ROTATION MEASURES OF LOW-LATITUDE EXTRAGALACTIC SOURCES AND THE MAGNETOIONIC STRUCTURE OF THE GALAXY

We have obtained Faraday rotation measurements of 56 extragalactic sources predominantly in the range 45-degrees < l < 93-degrees, \b\ < 5-degrees. The data complement the few rotation measures (RMs) that have been published for low-latitude extragalactic sources, and are used to probe the Galactic magnetic field and electron density to great distances. Within the longitude range sampled here, we find RM(l) = 1600 sin (l0 - l) rad m-2, with a null in RM occurring at l0 = 62-degrees. Under the assumption of a uniform circular geometry for the magnetic field lines, the magnetoionic medium must exist to a Galactocentric radius R(m) congruent-to 25 kpc to produce the observed magnitudes of the RMs, where we have assumed that n(e) and \B\ equal their local values of 0.03 cm-3 and 2.1-mu-G out to R(m). The medium must exist to an even greater radius if n(e) and/or \B\ decrease with R, as is likely. The null in RM at l0 confirms that a field reversal occurs interior to R0 (the radius of the solar orbit about the Galactic center) and requires that the product quantity n(e)\B\ be greater inside the field-reversed region than in the local ISM. Comparison of extragalactic and pulsar RMs along nearly coincident lines of sight is consistent with at least one field reversal exterior to R0. An anomalous RM contribution of greater-than-or-similar-to 1000 rad m-2 is found at l = 92-degrees, b = 0-degrees, with an angular size of approximately 1-degrees-8-degrees. The phenomenon is akin to enhanced RMs observed behind the Cygnus region. The majority of our sources are components of double-lobed objects with lobe separations of 30"-200". This allows us to study variations in Galactic Faraday rotation over small angular scales.

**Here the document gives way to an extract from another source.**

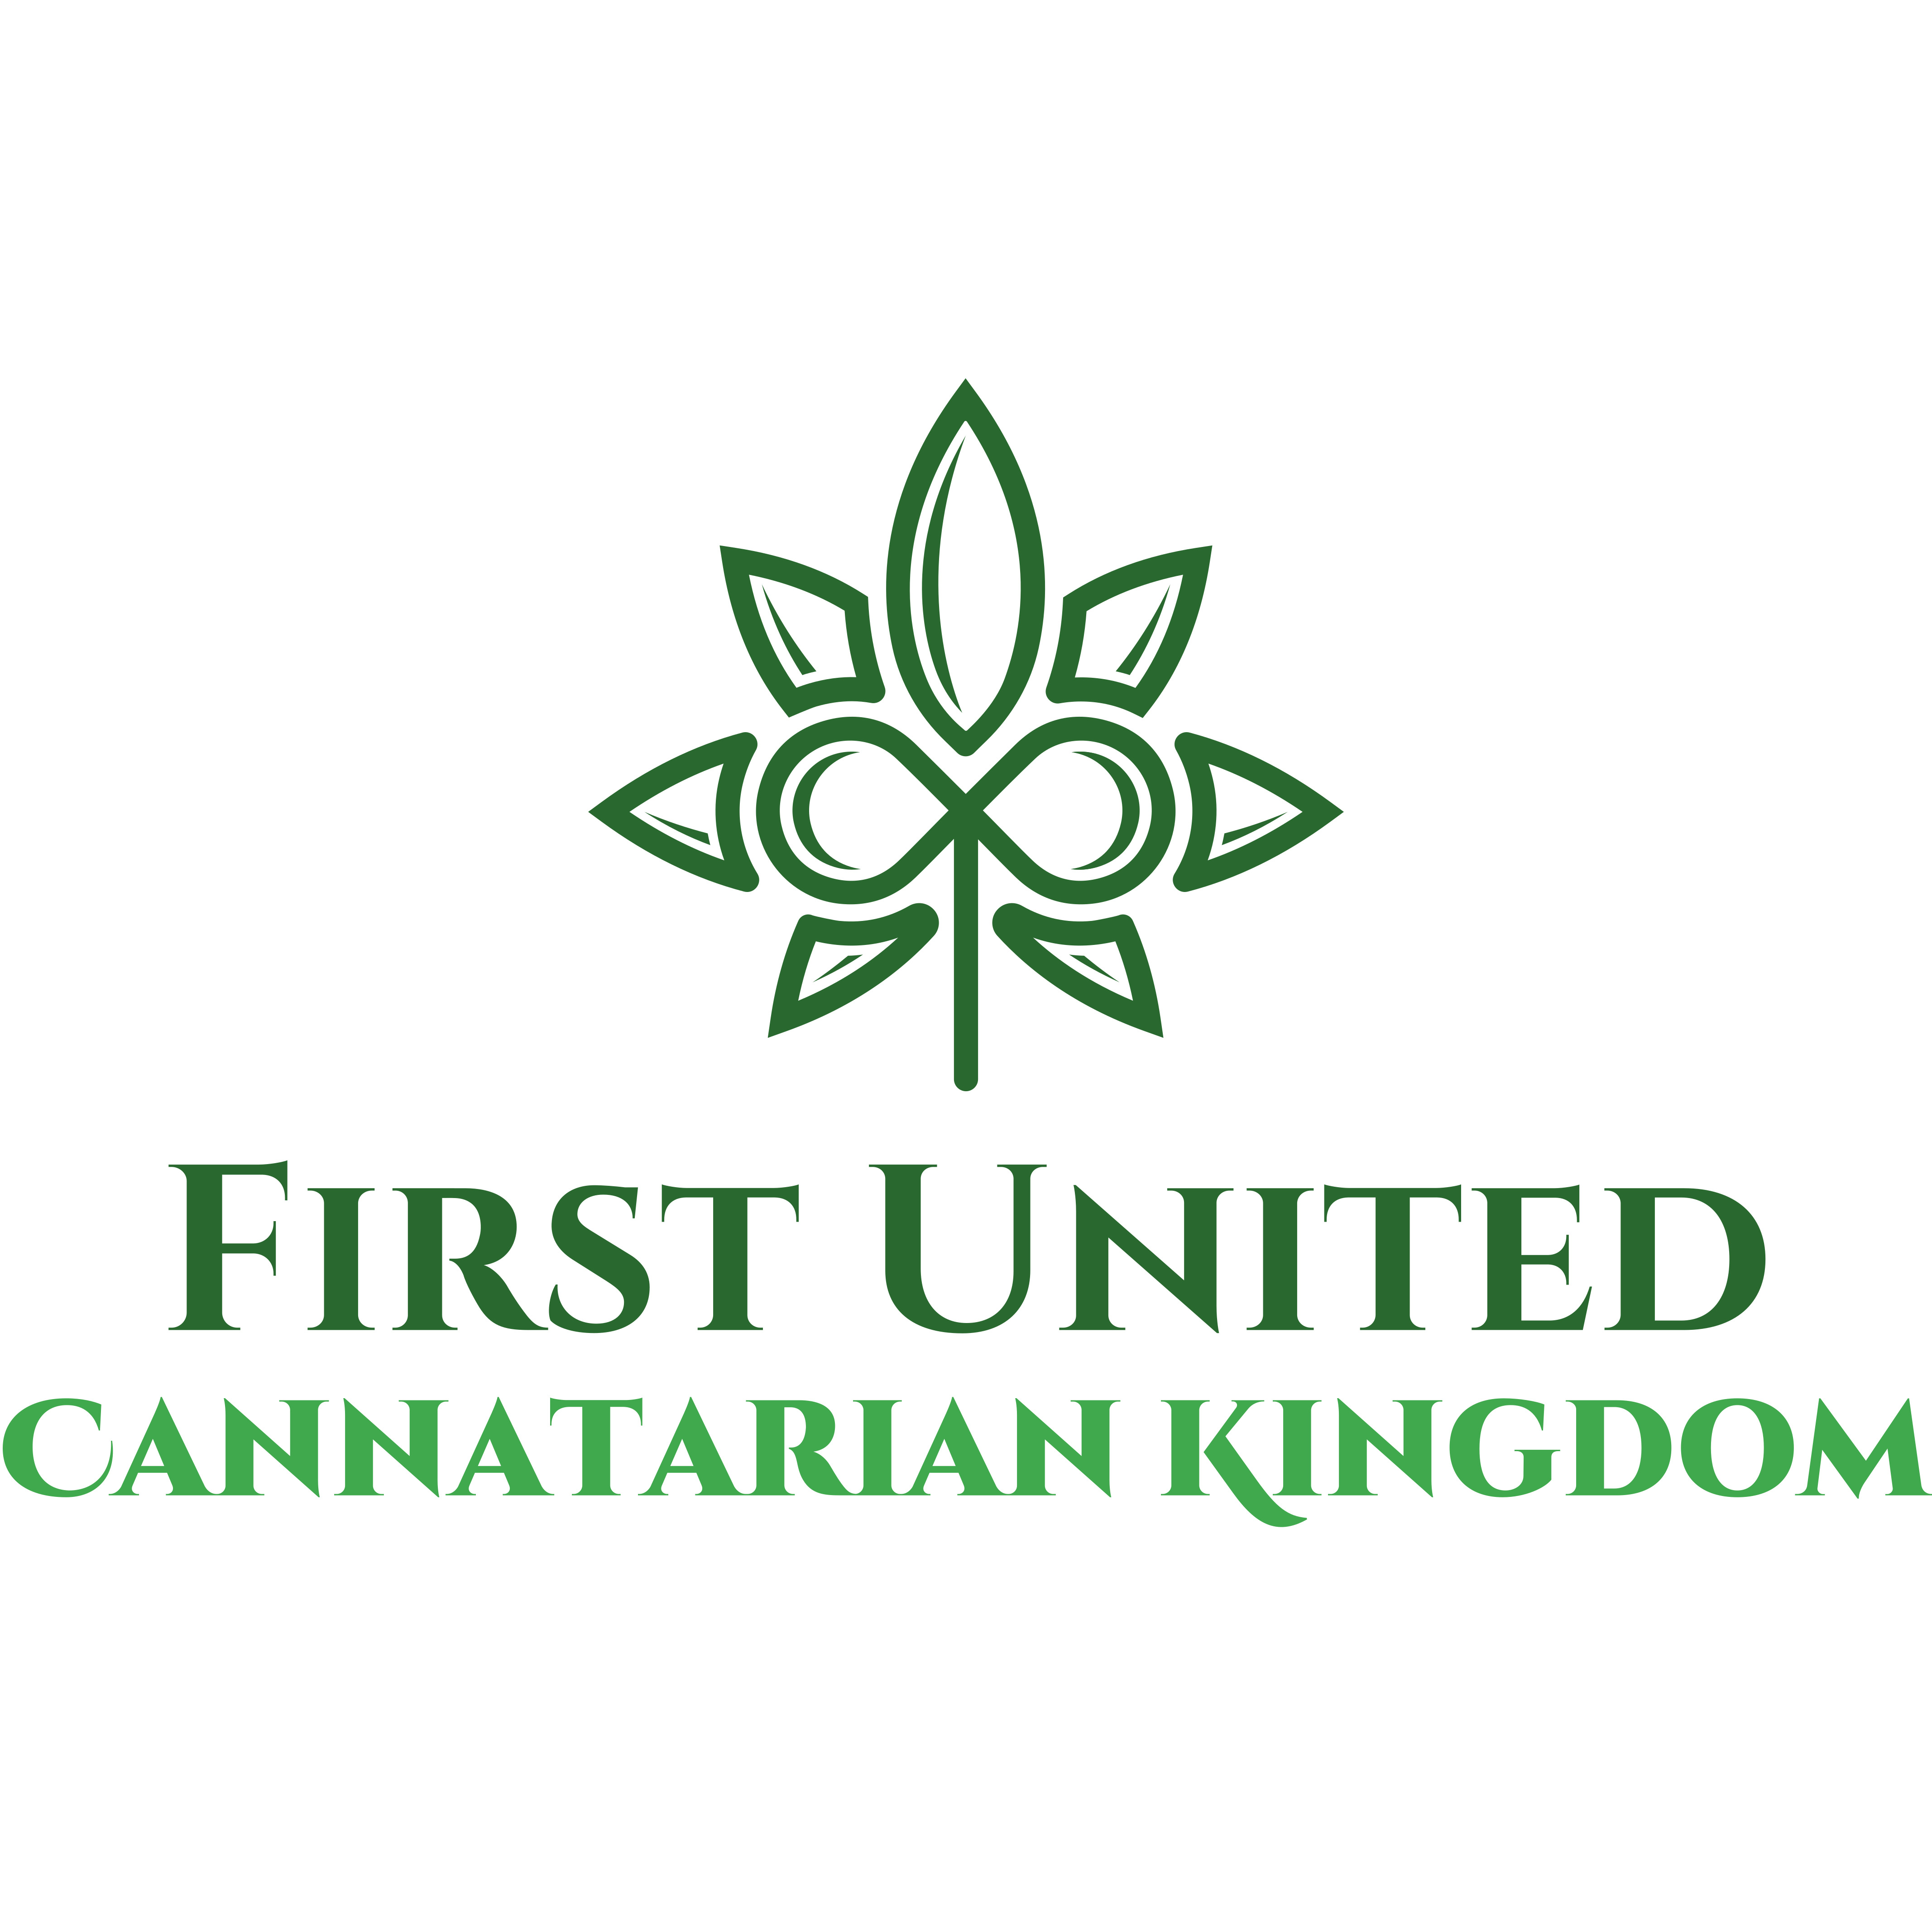 First United Cannatarian Kingdom logo
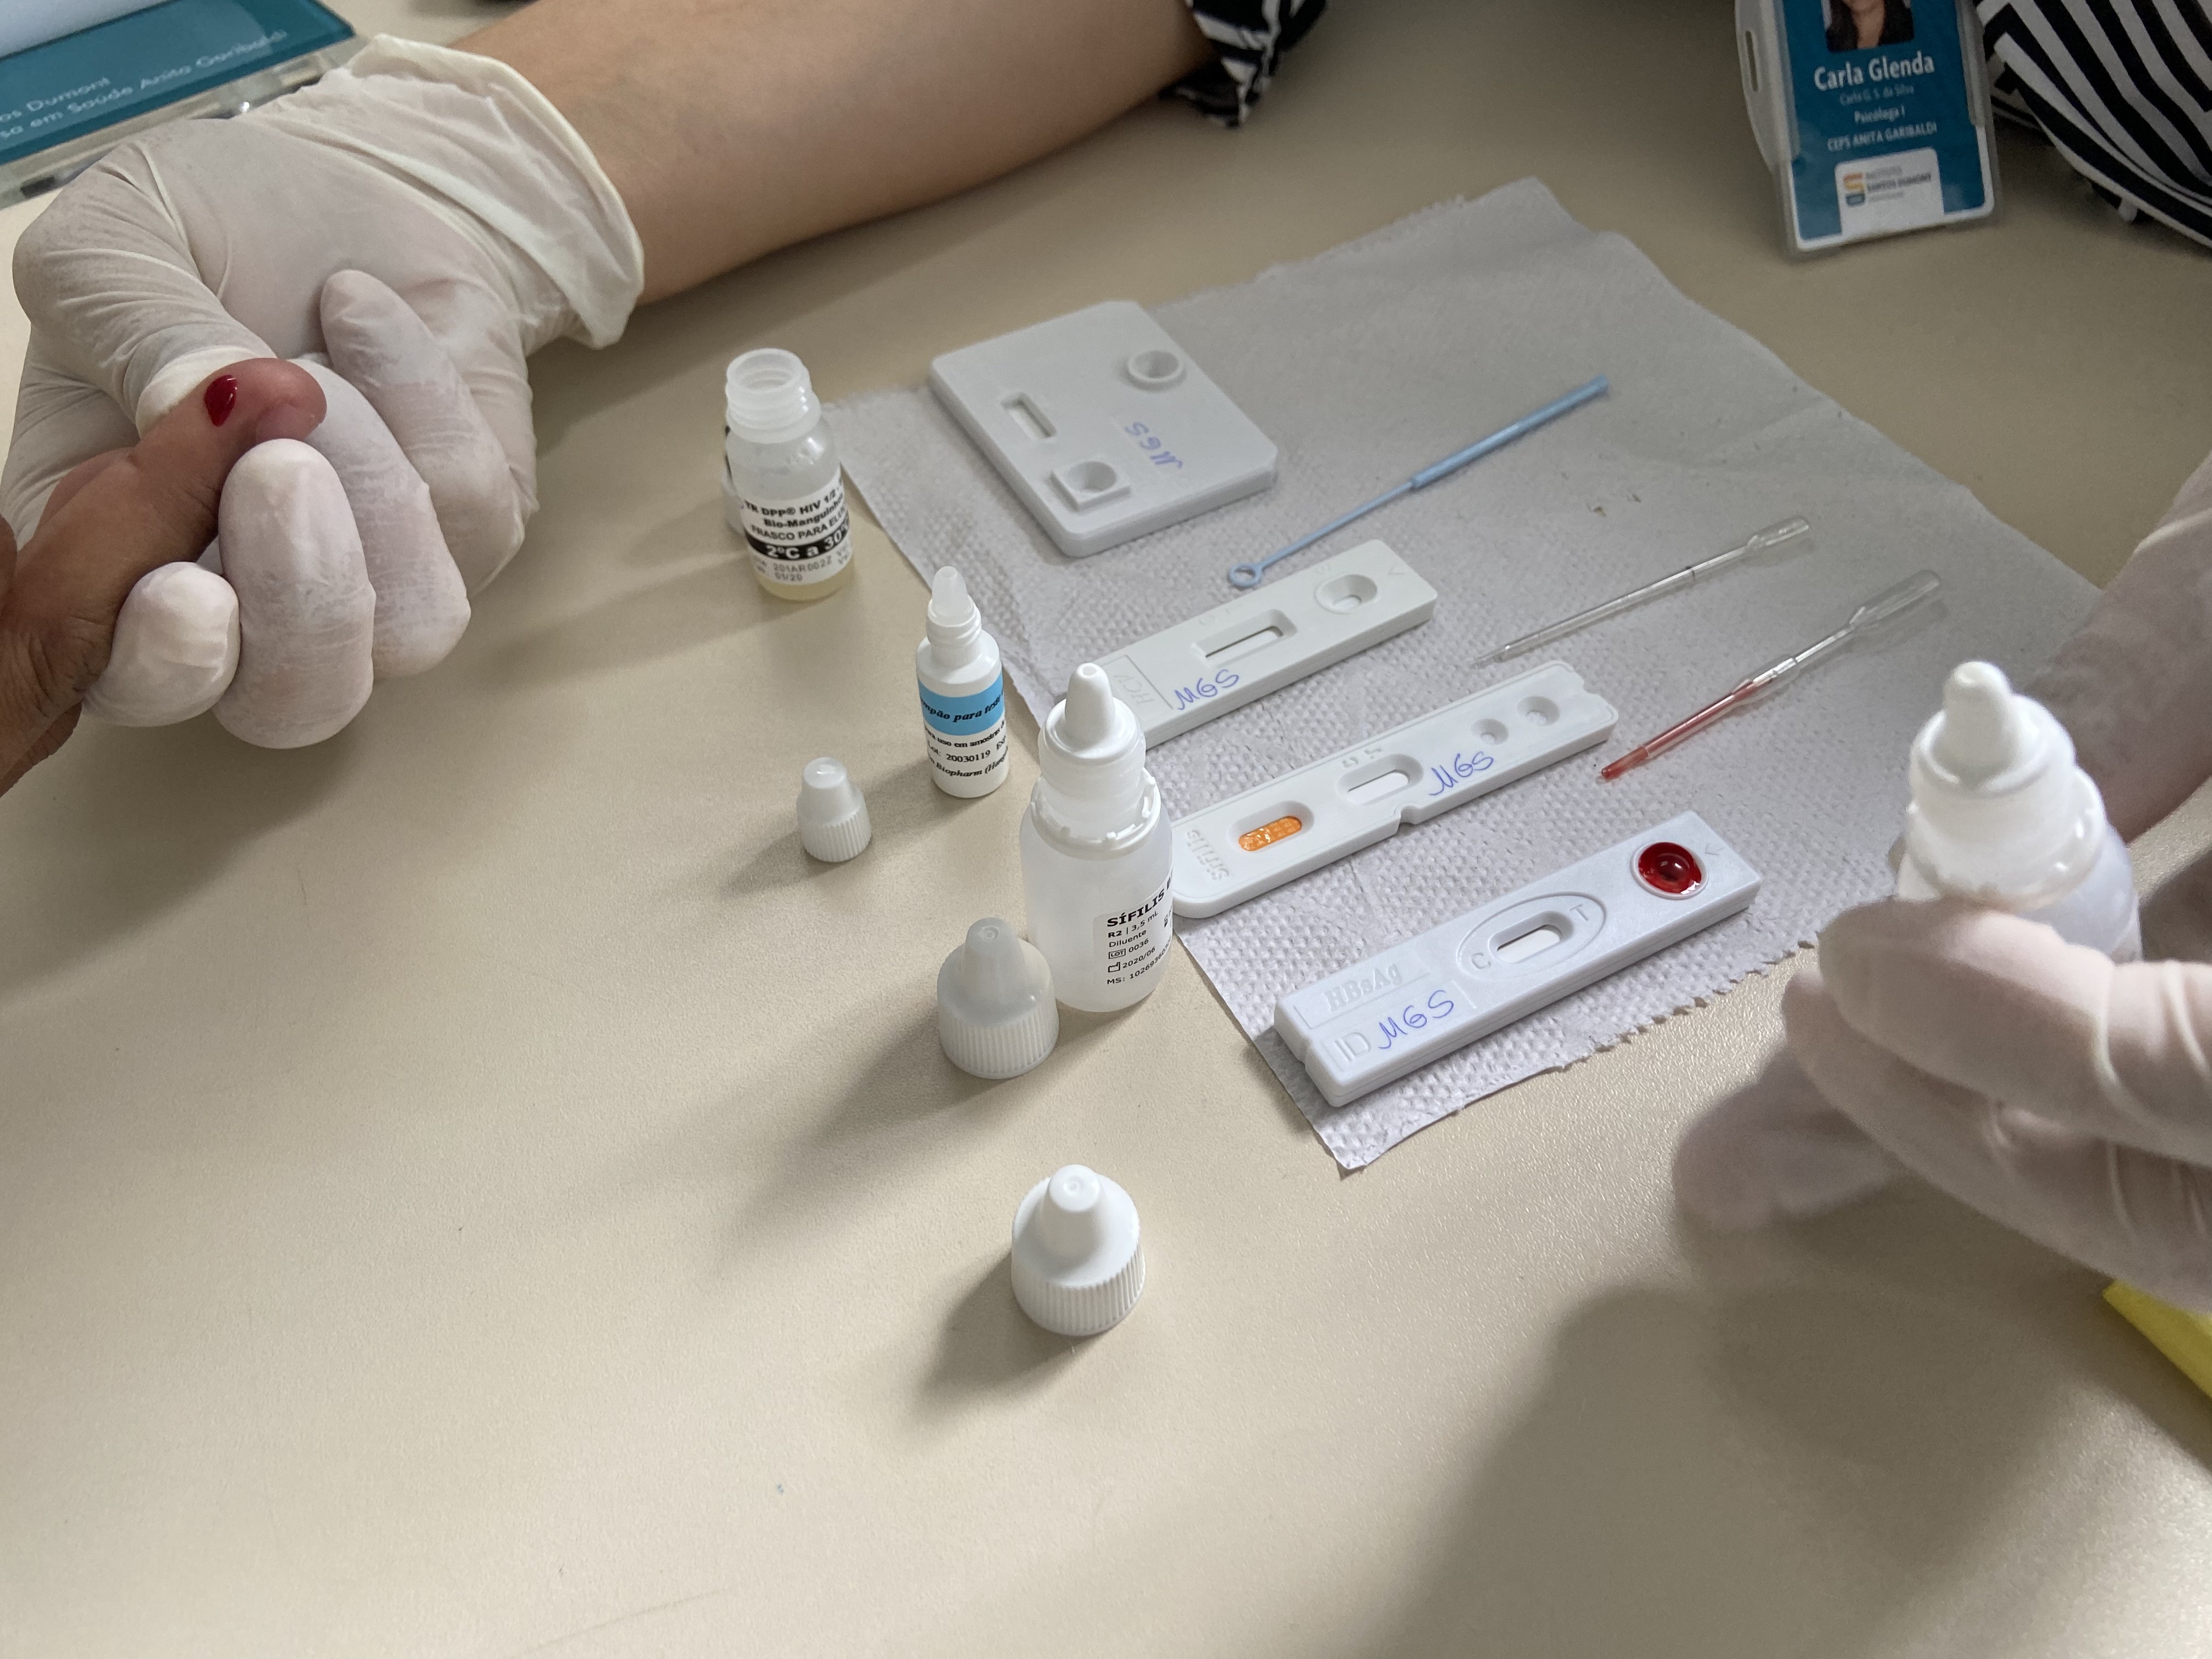 Testes rápidos de HIV, sífilis e hepatite passam a ser oferecidos nas UBSs de Juiz de Fora

The differences exceed those expected from a large-scale ordered field by more than two orders of magnitude. The implied linear scales for fluctuations in the magnetoionic medium are approximately 0.1-10 pc. We are able to explain the small-scale variations in RM solely in terms of previously observed electron density turbulence in the interstellar medium.